**EXERCISE:**
This calls for a verbatim copy of all the data, with no images carried over.

**EXERCISE DATA:**
*** Begin section ***
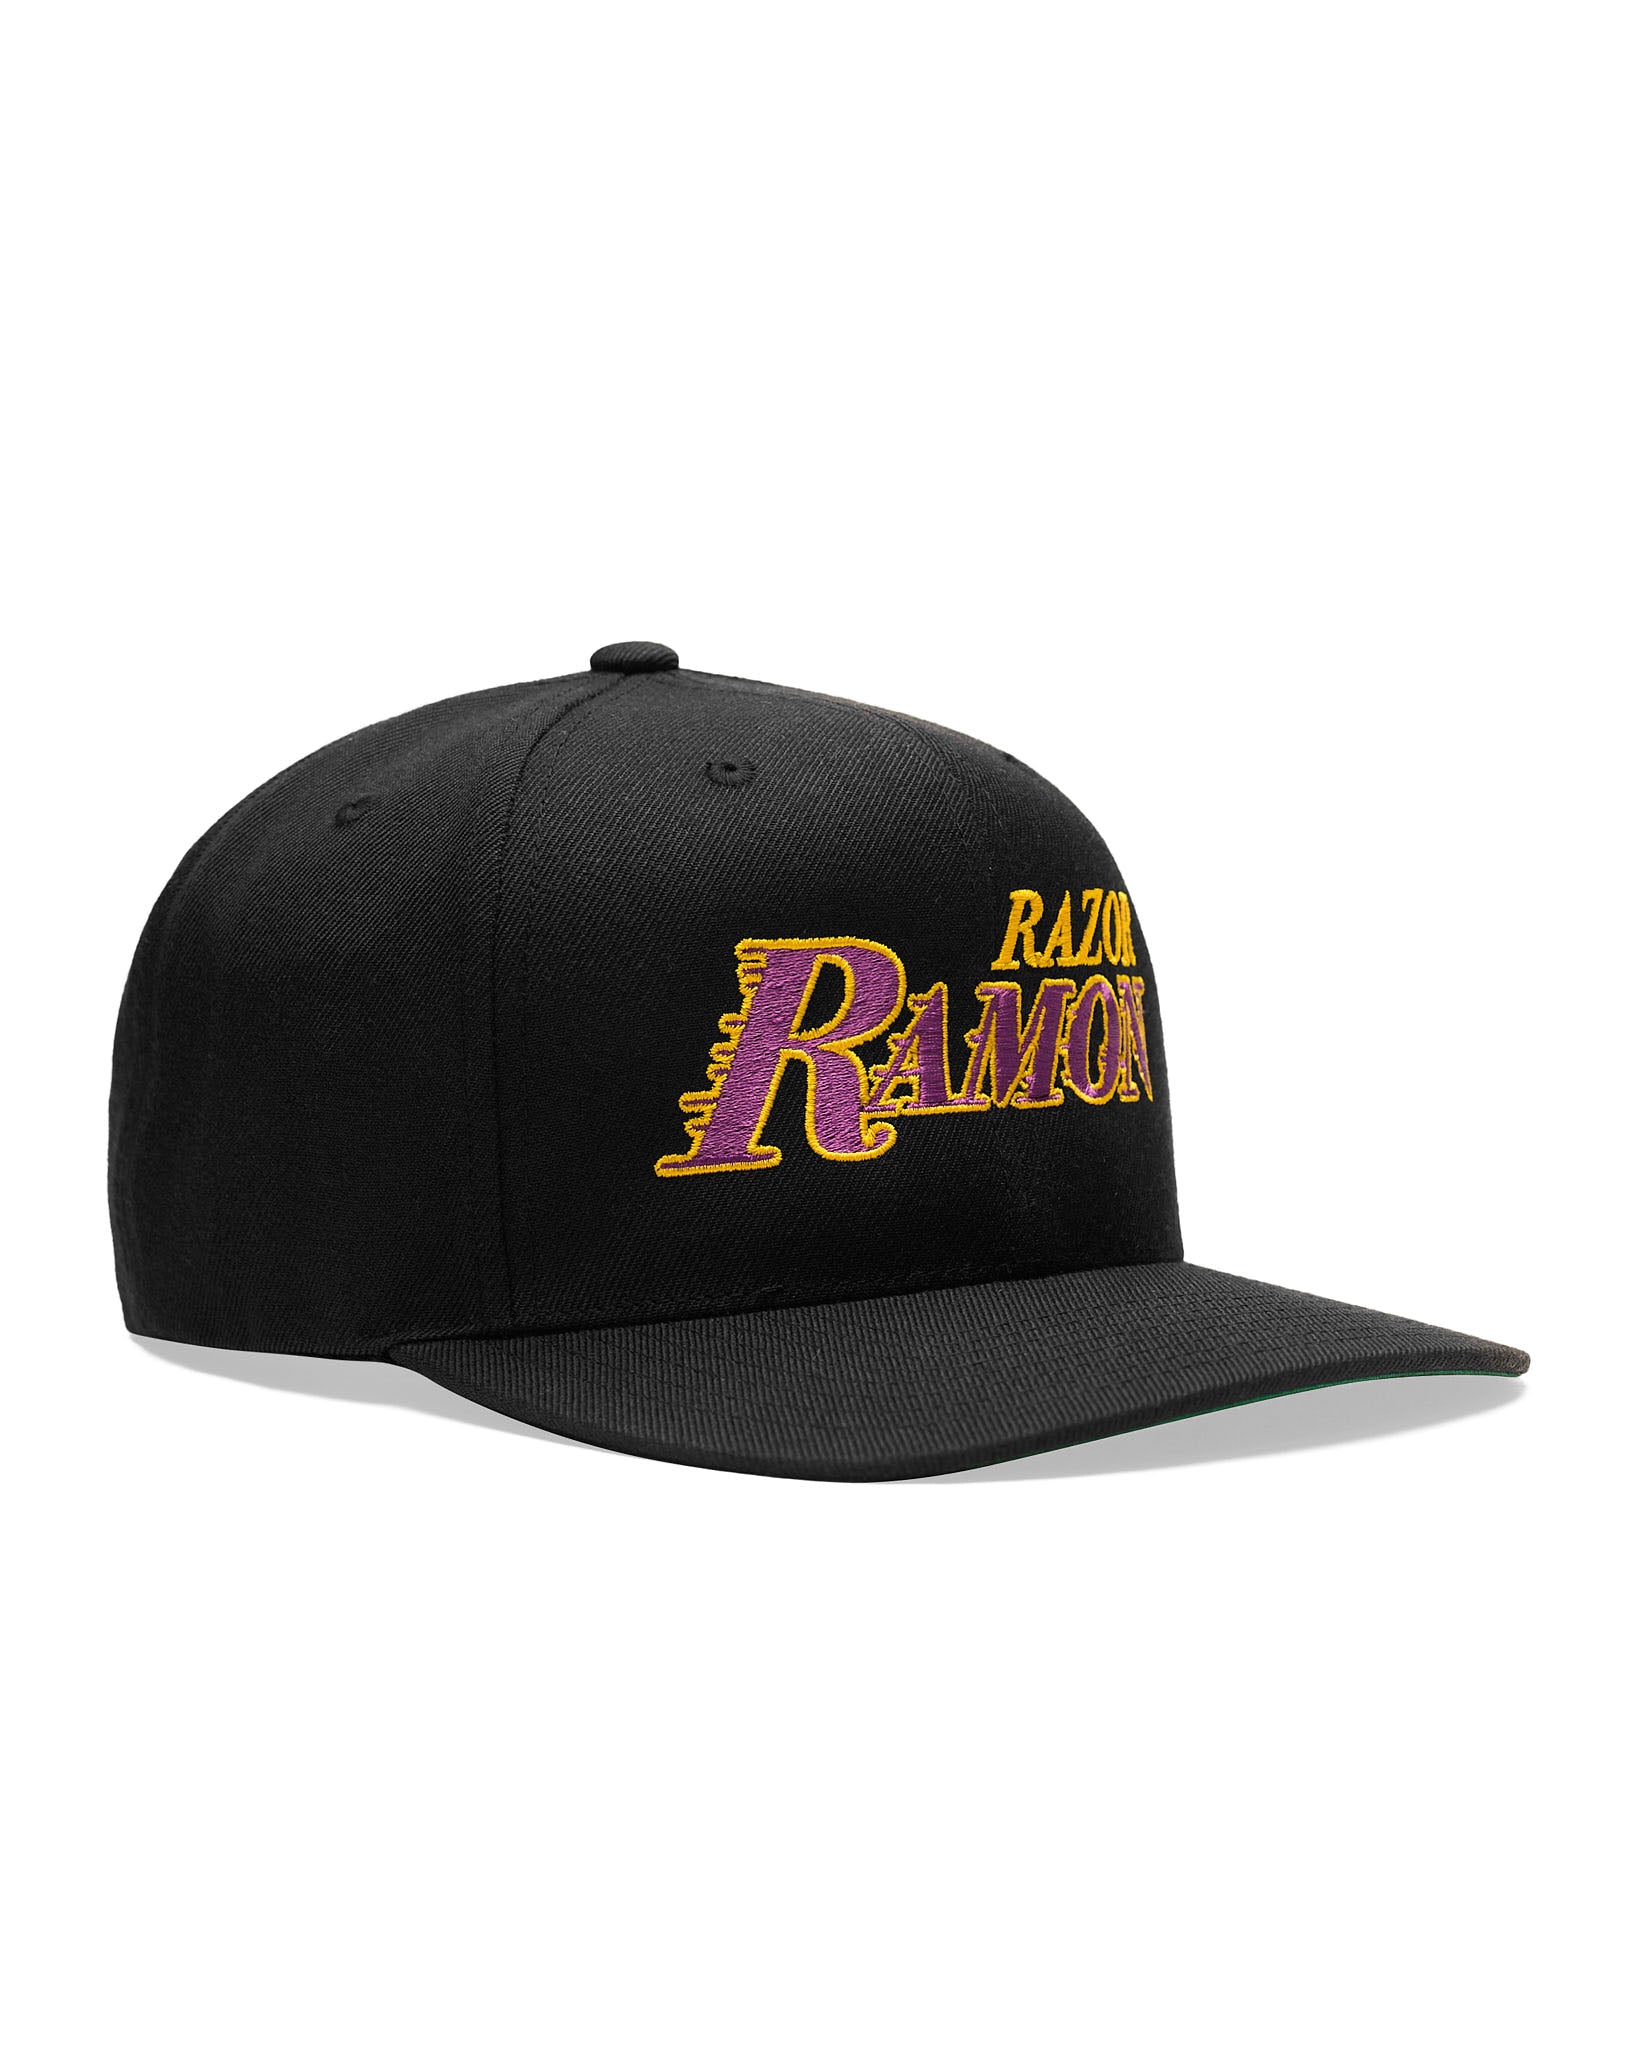 Razor Ramon Logo Snapback Hat
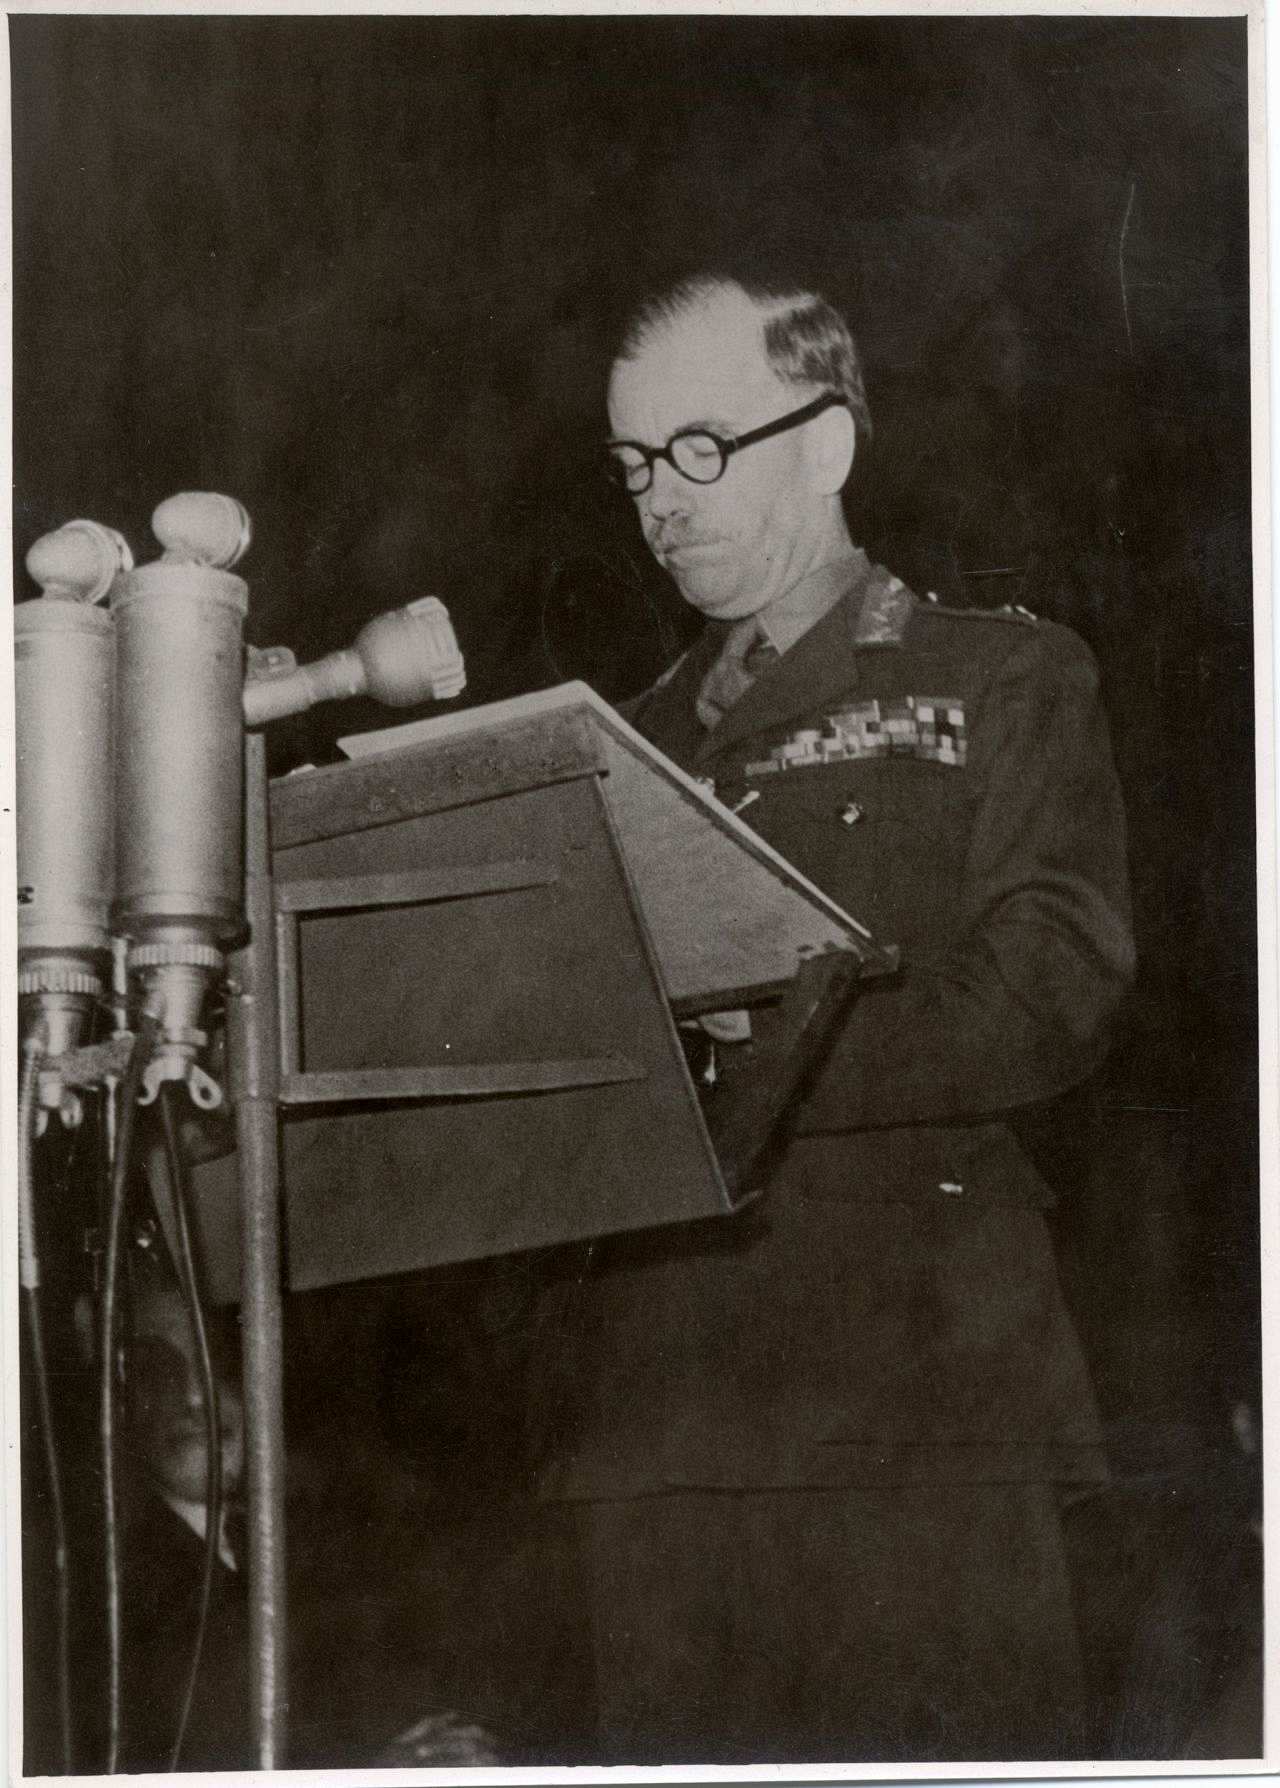 General Brian Robertson, Oberbefehlshaber der britischen Besatzungszone, während einer Rede vor dem Landtag von Nordrhein-Westfalen, April 1948
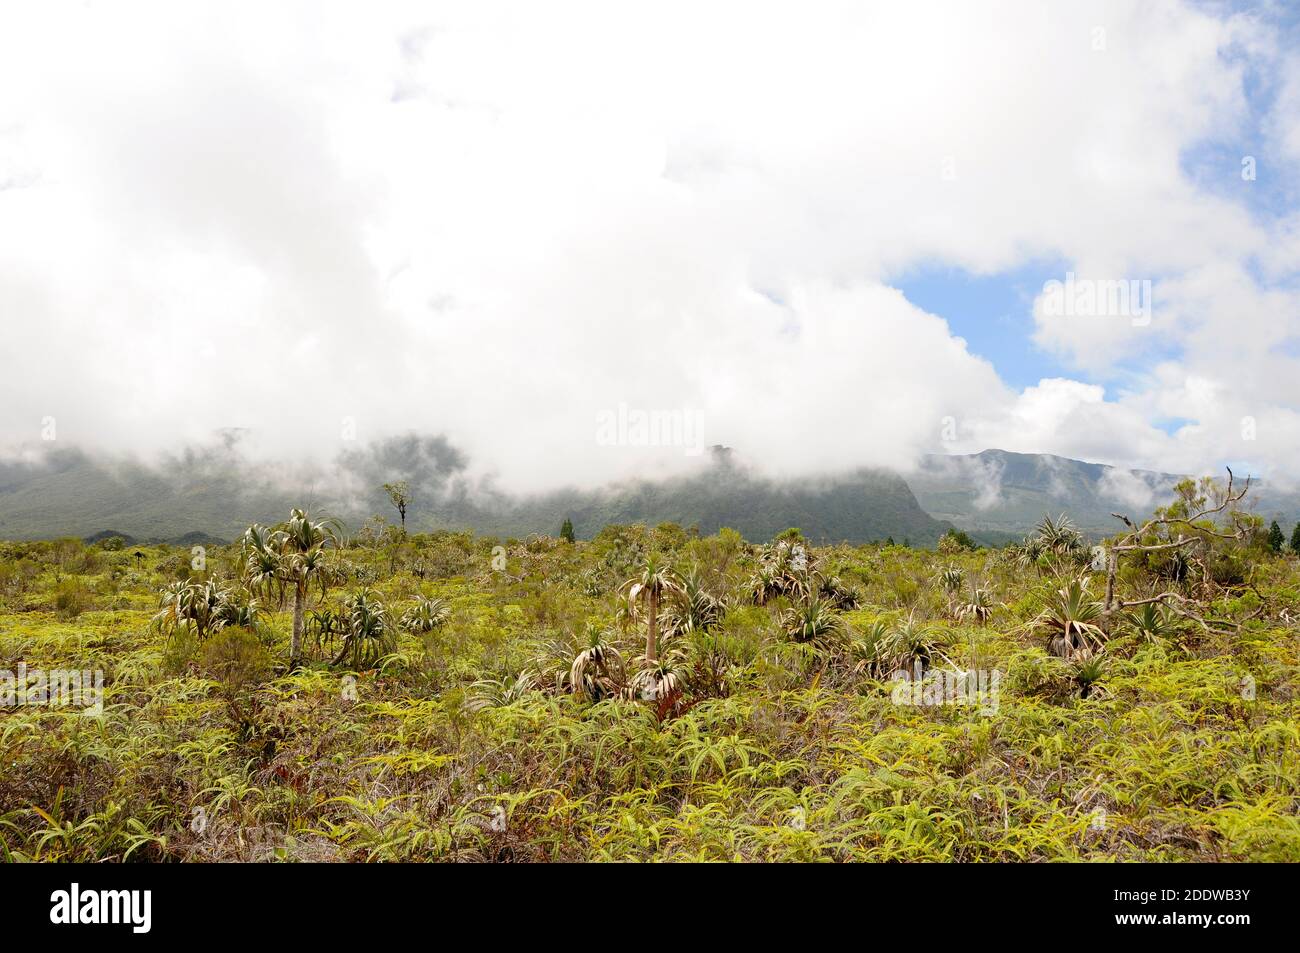 Las nubes se aferran a las montañas más allá del pantano de Plaines des Palmistes en la isla de la Reunión, el screwpine (Pandanus montanus) marcan los arbustos bajos Foto de stock
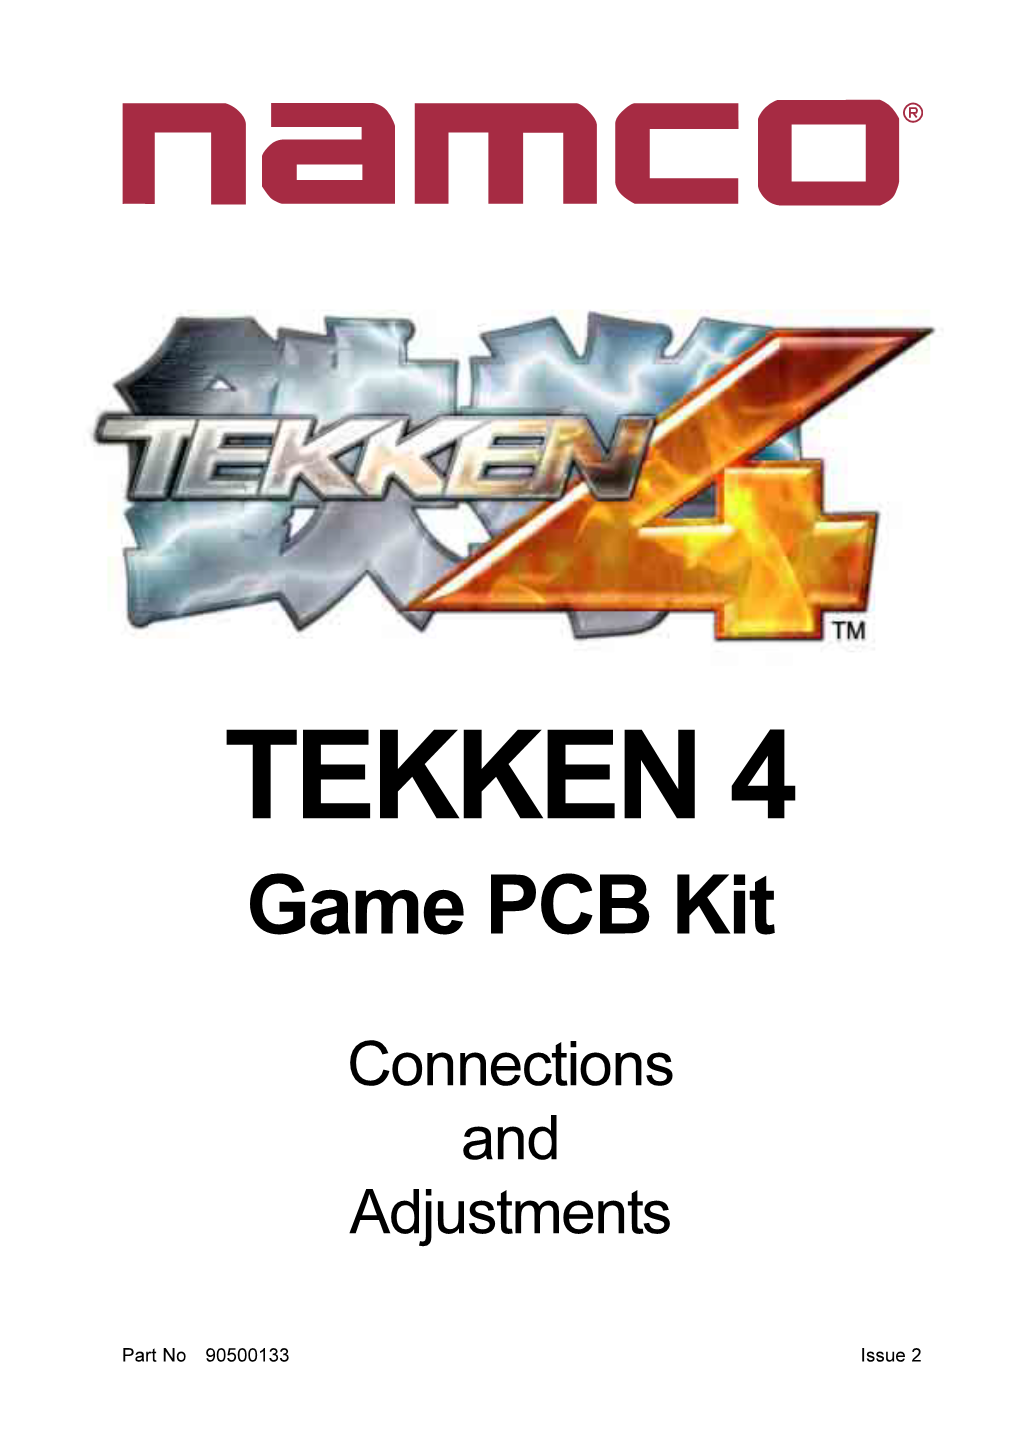 TEKKEN 4 Game PCB Kit
*** End section ***
**ANSWER:**
 Razor Ramon Logo Snapback Hat
 General Brian Robertson, Oberbefehlshaber der britischen Besatzungszone, während einer Rede vor dem Landtag von Nordrhein-Westfalen, April 1948
 Las nubes se aferran a las montañas más allá del pantano de Plaines des Palmistes en la isla de la Reunión, el screwpine (Pandanus montanus) marcan los arbustos bajos Foto de stock
 TEKKEN 4 Game PCB Kit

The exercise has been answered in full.